General characteristics
- Type: Patrol vessel
- Length: 50 ft 8 in (15.44 m)
- Beam: 10 ft (3.0 m)
- Draft: 1 ft 7 in (0.48 m)
- Speed: 22 knots
- Armament: 2 × 1-pounder guns

= USS Quicksilver =

Patrol vessel of the United States Navy

USS Quicksilver (SP–281) was a United States Navy patrol vessel in commission from 1917 to 1919.

Quicksilver was built by the Jahncke Navigation Company at New Orleans, Louisiana. The U.S. Navy acquired her under charter from her owner, Ernest Lee Jahncke, for World War I service as a patrol vessel. Jahncke delivered her to the Navy on 24 May 1917, and she was commissioned as USS Quicksilver (SP-281).

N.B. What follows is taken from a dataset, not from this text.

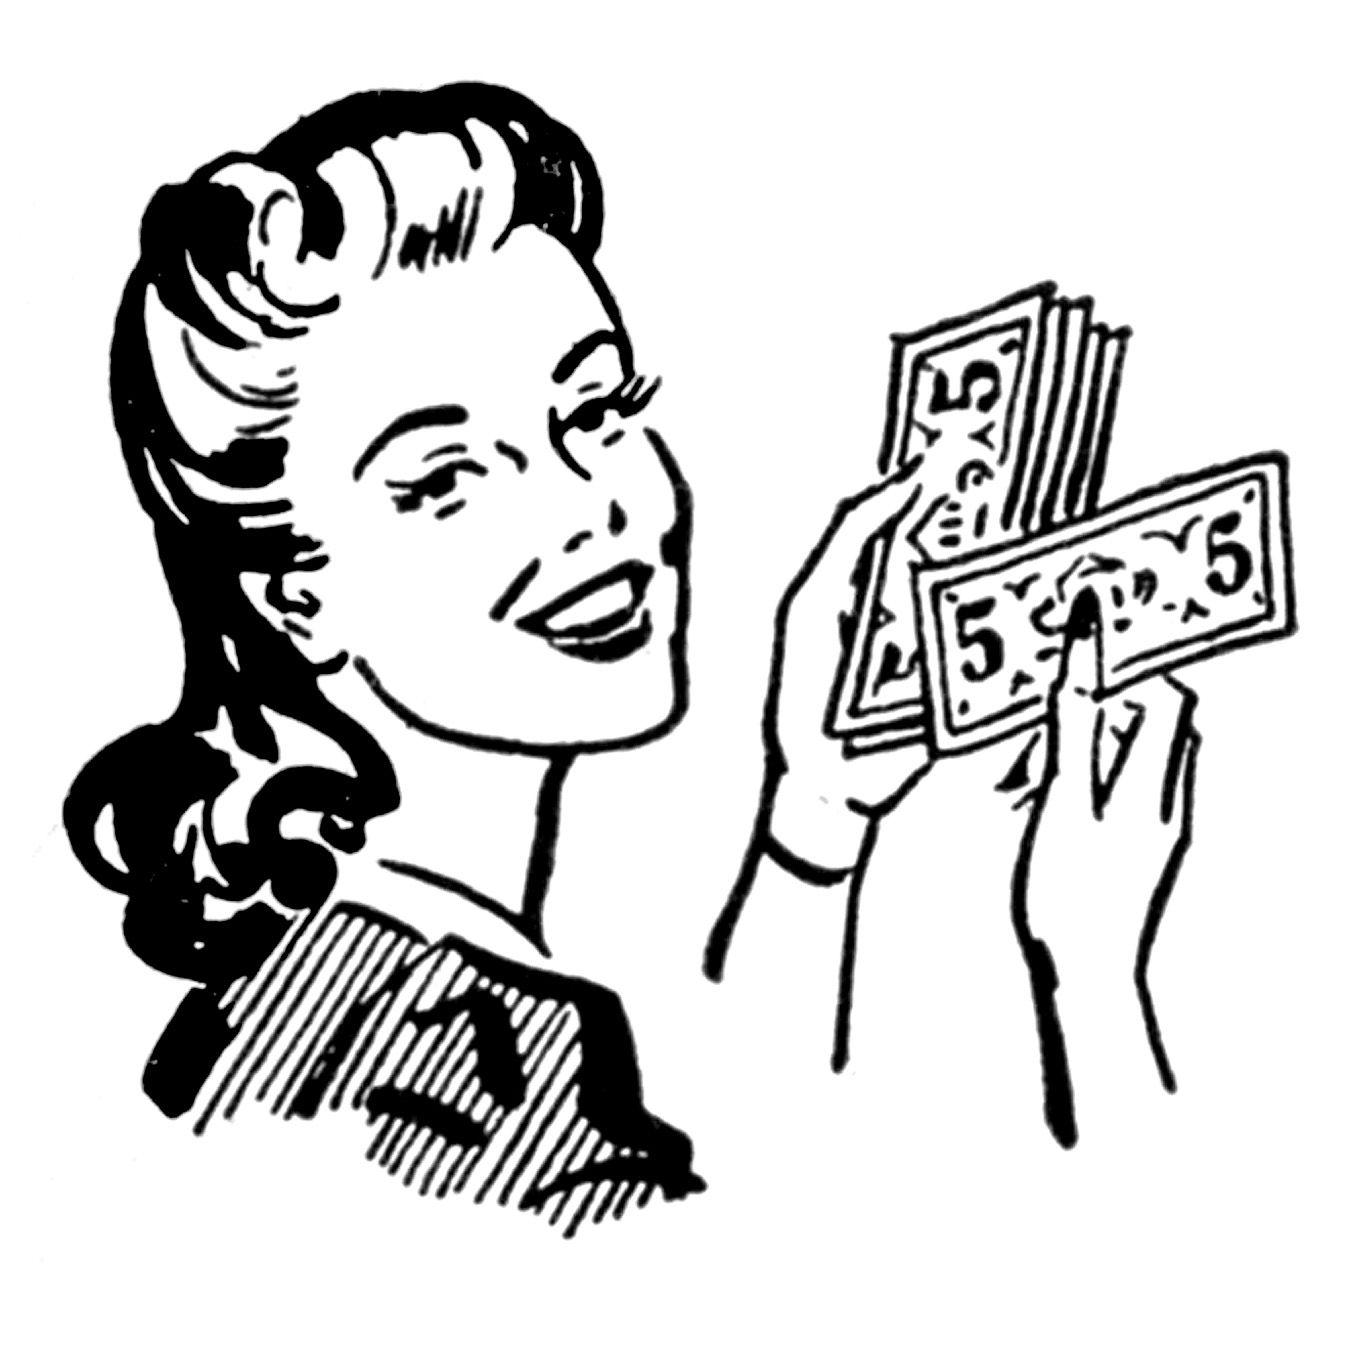 Retro clip art money. Cash clipart black and white

Quicksilver operated out of New Orleans on section patrol until late in World War I. On 1 October 1918 she was ordered to Naval Air Station Pensacola at Pensacola, Florida, where she was sorely needed in connection with training flights over Florida Bay. She continued in this duty until 27 November 1918, when she returned to New Orleans.

Quicksilver was decommissioned at New Orleans on 28 January 1919. She was stricken from the Naval Vessel Register on 17 May 1919, and was sold on 30 June 1919 to George Plant of Washington, D.C.